With any one planet you could say that it orbited around the sun in a plane regardless of how the orbit was oriented. I think what you're asking is why all the planets have orbits that are nearly in the same plane. The sun itself also spins around an axis that is nearly at right angles to the same plane. As I understand it, as the solar system started to condense, it had some net angular momentum, just by the usual accidents of motion in a lumpy environment. That angular momentum was conserved as the material started to lump together.  The planets were left behind orbiting around that angular momentum axis, as nature's way of conserving angular momentum.

Some similar process is quite typical in star formation. Many stars have orbiting planets. Some stars form pairs, orbiting each other.

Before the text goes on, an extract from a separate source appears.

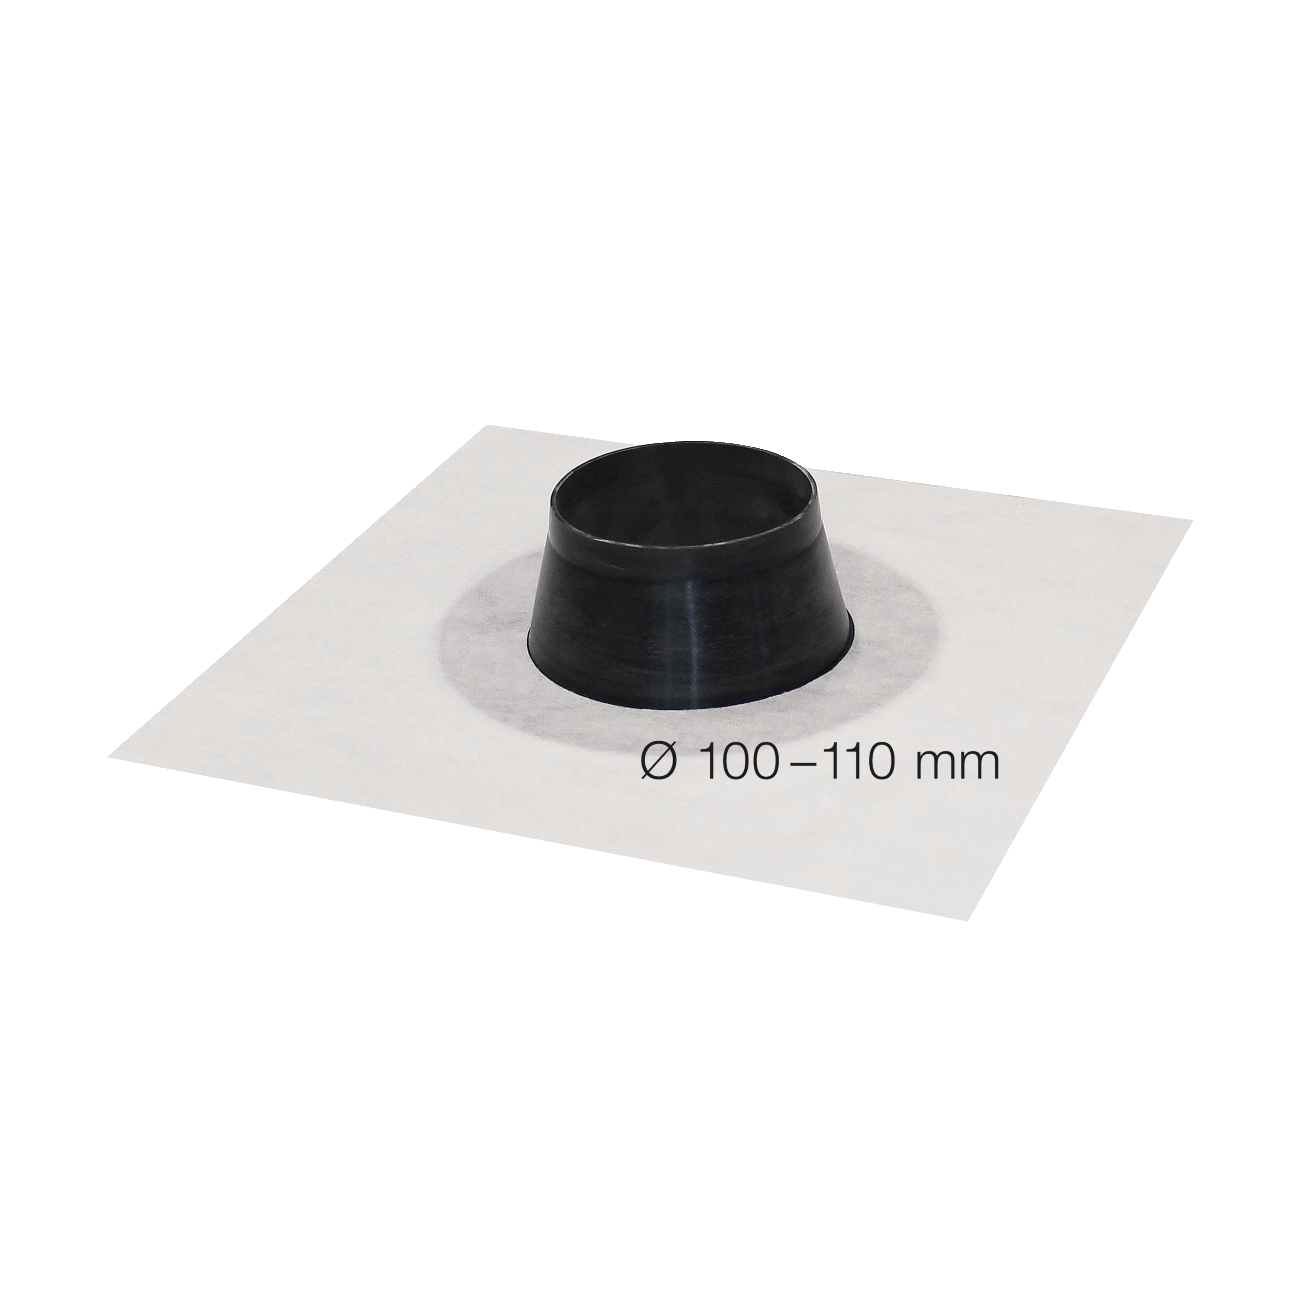 SIGA Fentrim mof wit diameter 100-110mmm, voor leidingdoorvoer

As for your other question, the "bending of space" is gravity, caused by any form of energy or momentum. Magnetism plays a negligible role in it since it accounts for a negligible fraction of the total energy of the solar system. It's interesting that very many of the people who write us want to know about the connection between magnetism and gravity, although there's almost none.

Mike W.


(published on 03/27/2011)

Follow-Up #1: Planets rotate same way in almost same plane

Q:
Why do all of the planets in our solar system move the same direction around the sun? Why are the planets more or less all on a grid compared to one another and eventually all line up with each other? Surely this isn't a coincidence.
- Nick (age 14)
US
A:

It all comes from the initial accidental angular momentum, as described in the thread where I've placed your question. Since the angular momentum of all the planets comes from that same starting accident, they all have about the same rotation axis. That makes them all be in orbits close to the plane through the Sun at right angles to that axis.

Mike W.


(published on 12/08/2013)

Follow-Up #2: Rotational invariance of the universe

Q:
I hope some body to help me in this logical question.As we know that every body in this universe move around another body in anticlock wise motion like the motion of electron around the nucleus,motion of planets around the sun and the most common is the revolution of earth around the sun,why they did'nt revolve in clock wise motion.?
- Muhammad uzair ahmad (age 15)
pakistan
A:

Hello Muhammad,

Your premise is not true, both in atomic and cosmic senses. One can always find local fluctuations in symmetries of the universe: mass distributions, momentum directions, angular rotations, etc. Studies have been made of clockwise and anti-clockwise rotations of spiral galaxies  and as far as we can tell they average out.   Likewise there are fluctuations in all the other variables but they 'invariably' average out.